**Provided data:**
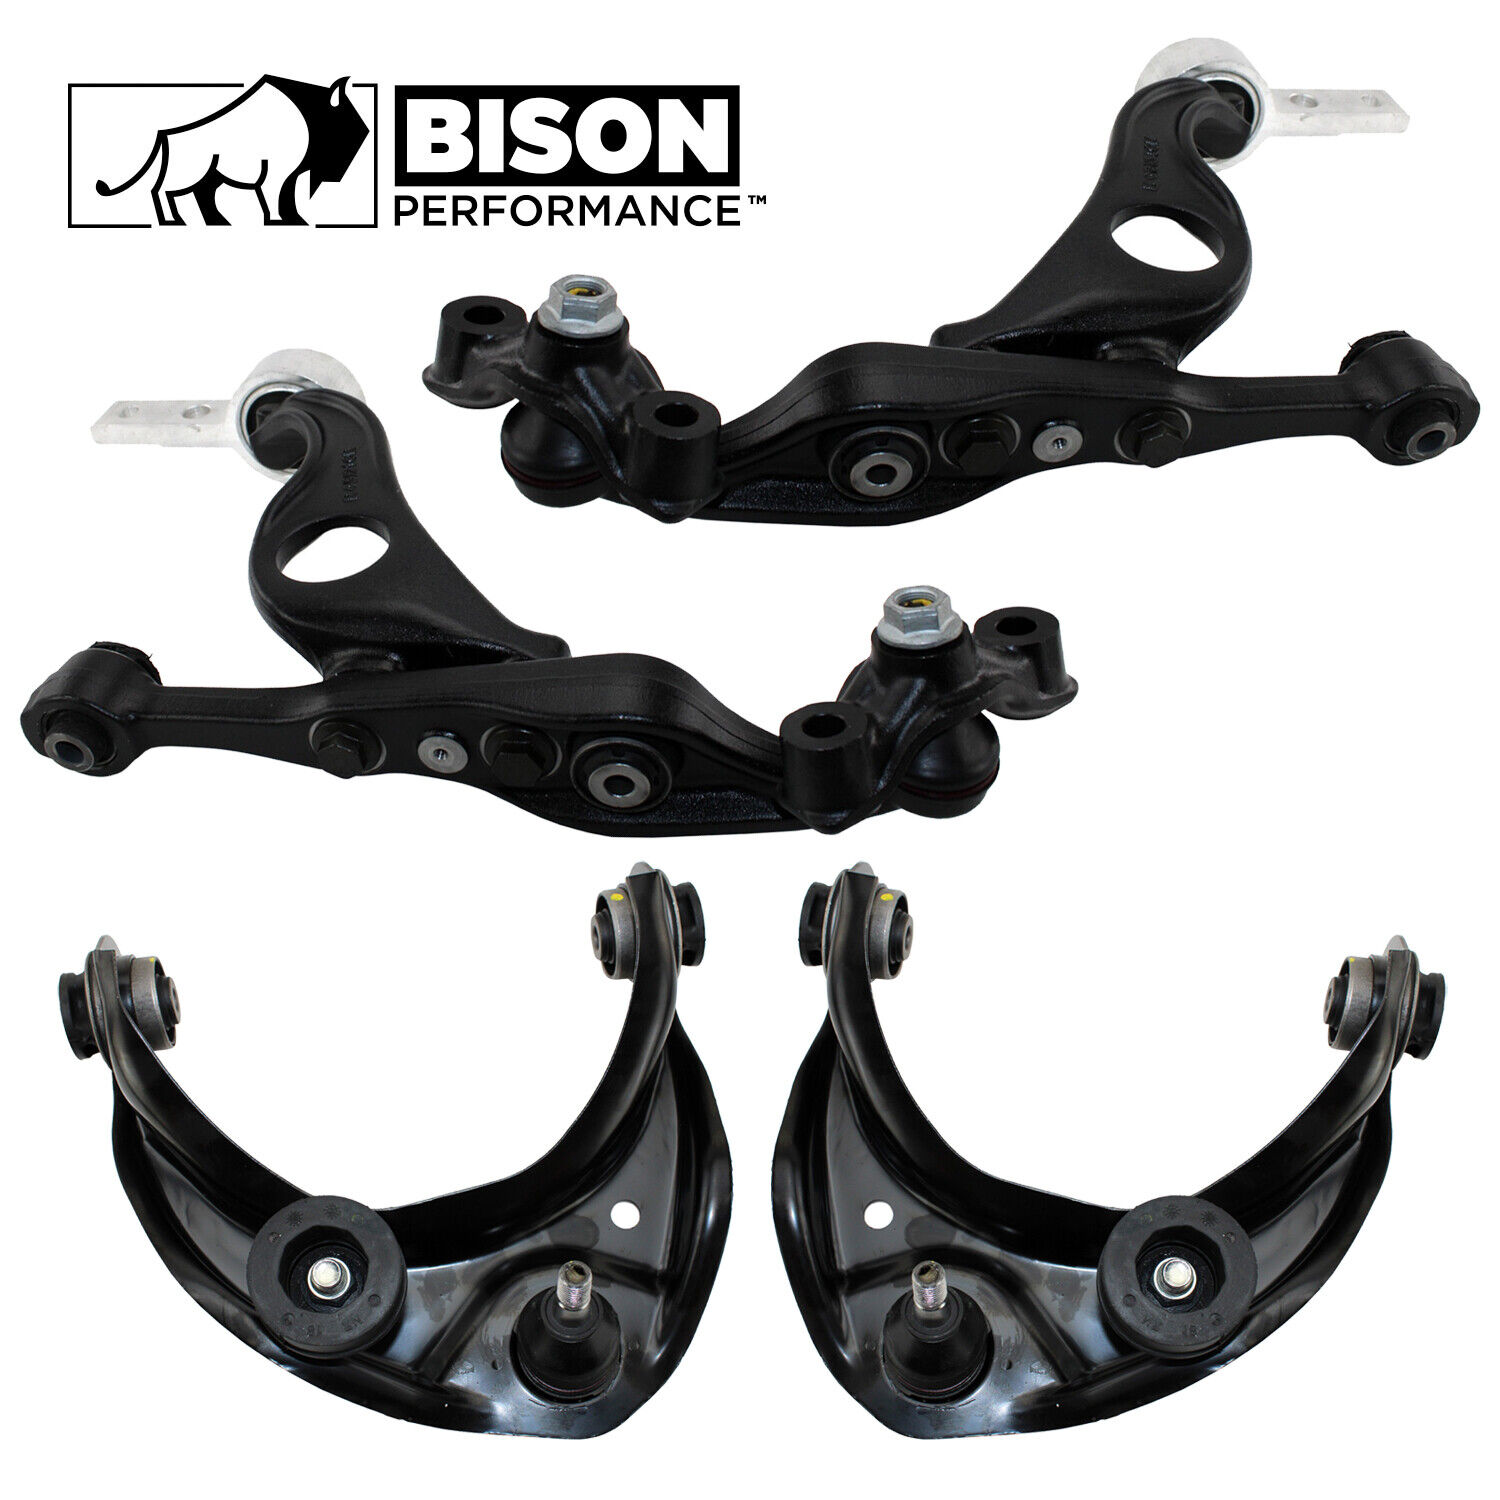 Bison Performance 4pc Front Upper & Lower Control Arms Kit For Mazda 6 2009-2013
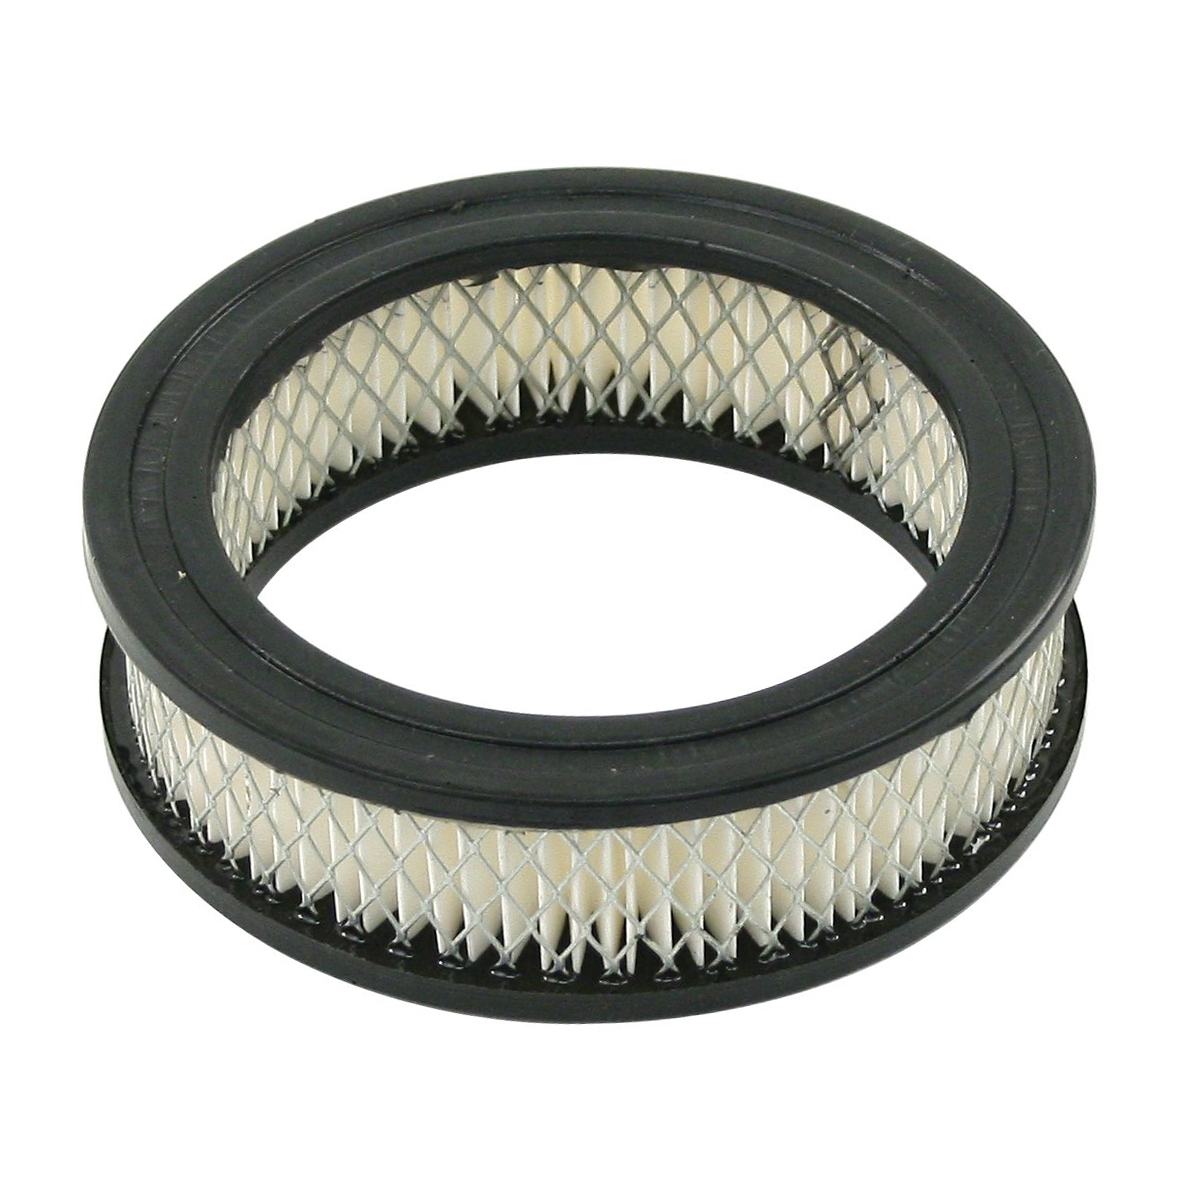 Replacement VW Air Filter - Paper Element - 1 1/2" High
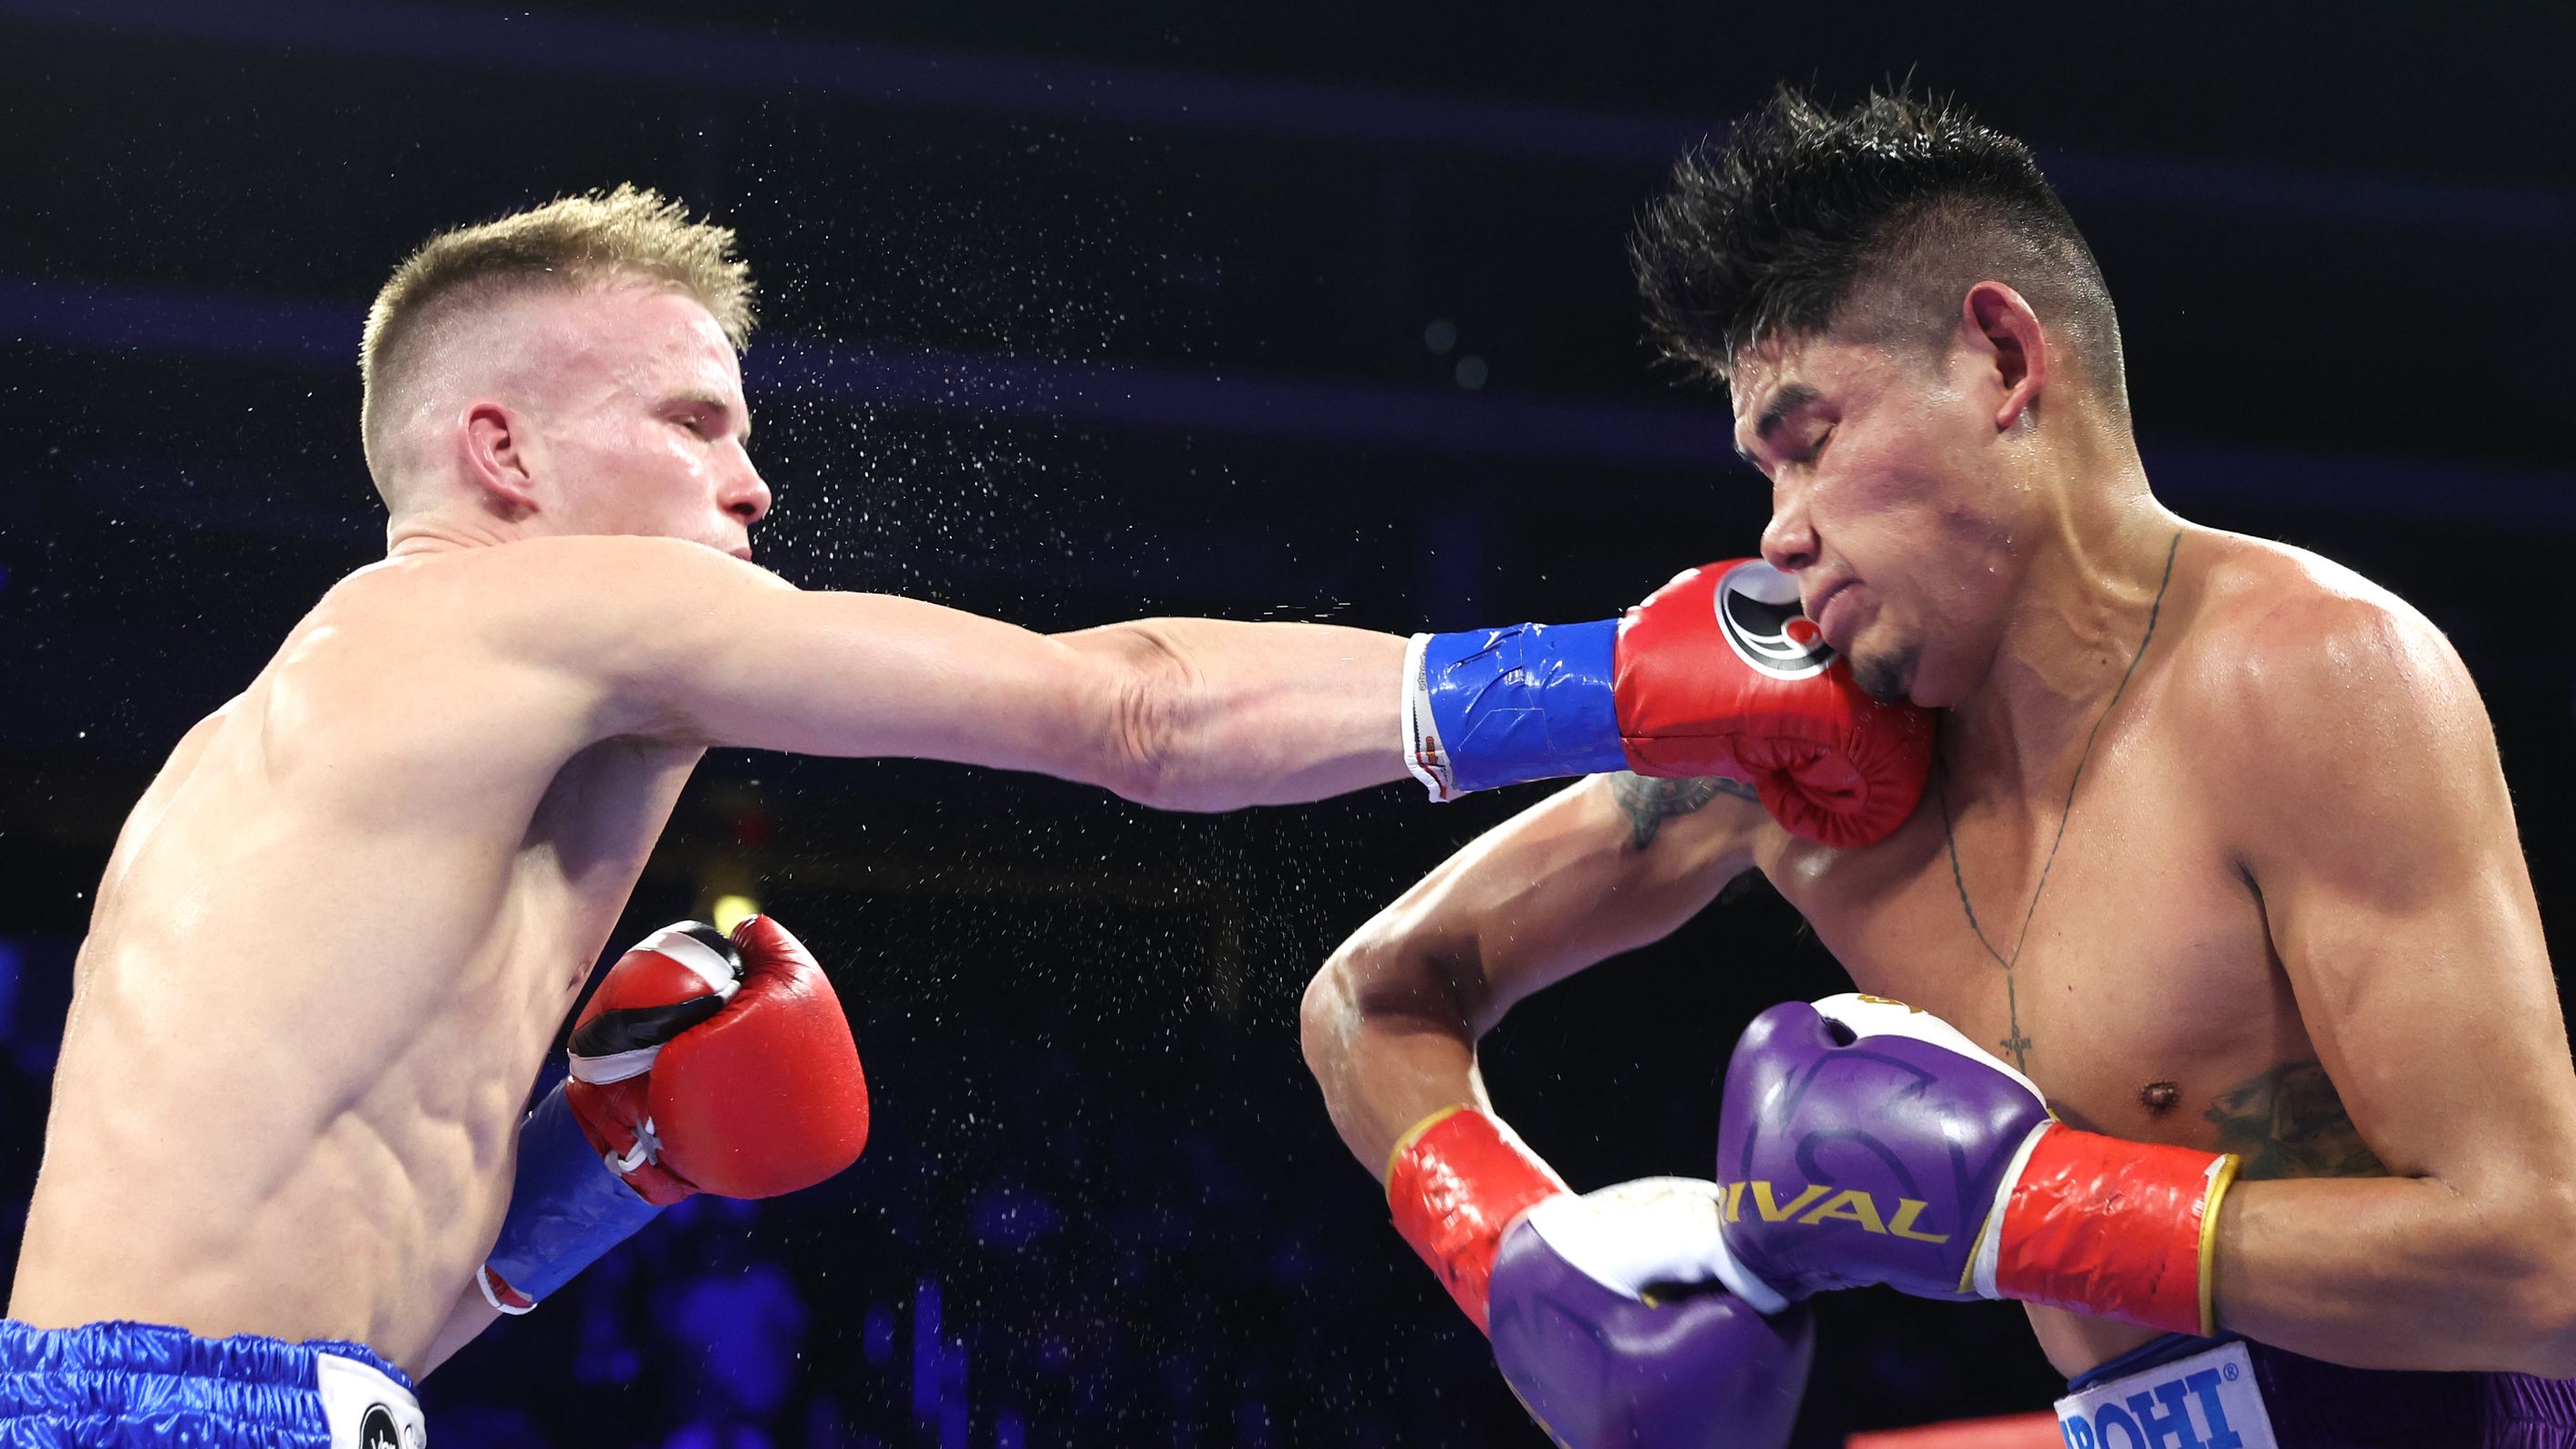 Liam Wilson (L) and Emanuel Navarrete (R) exchange punches during their vacant WBO junior lightweight championship fight at Desert Diamond Arena on February 03, 2033 in Glendale, Arizona. (Photo by Mikey Williams/Top Rank Inc via Getty Images)

**Problem details:** All lines from the one holding "Replacement VW Air" through the last line of the material above should be set down exactly, and the pictures should be left out.

**Solution for this task:**
 Replacement VW Air Filter - Paper Element - 1 1/2" High
 Liam Wilson (L) and Emanuel Navarrete (R) exchange punches during their vacant WBO junior lightweight championship fight at Desert Diamond Arena on February 03, 2033 in Glendale, Arizona. (Photo by Mikey Williams/Top Rank Inc via Getty Images)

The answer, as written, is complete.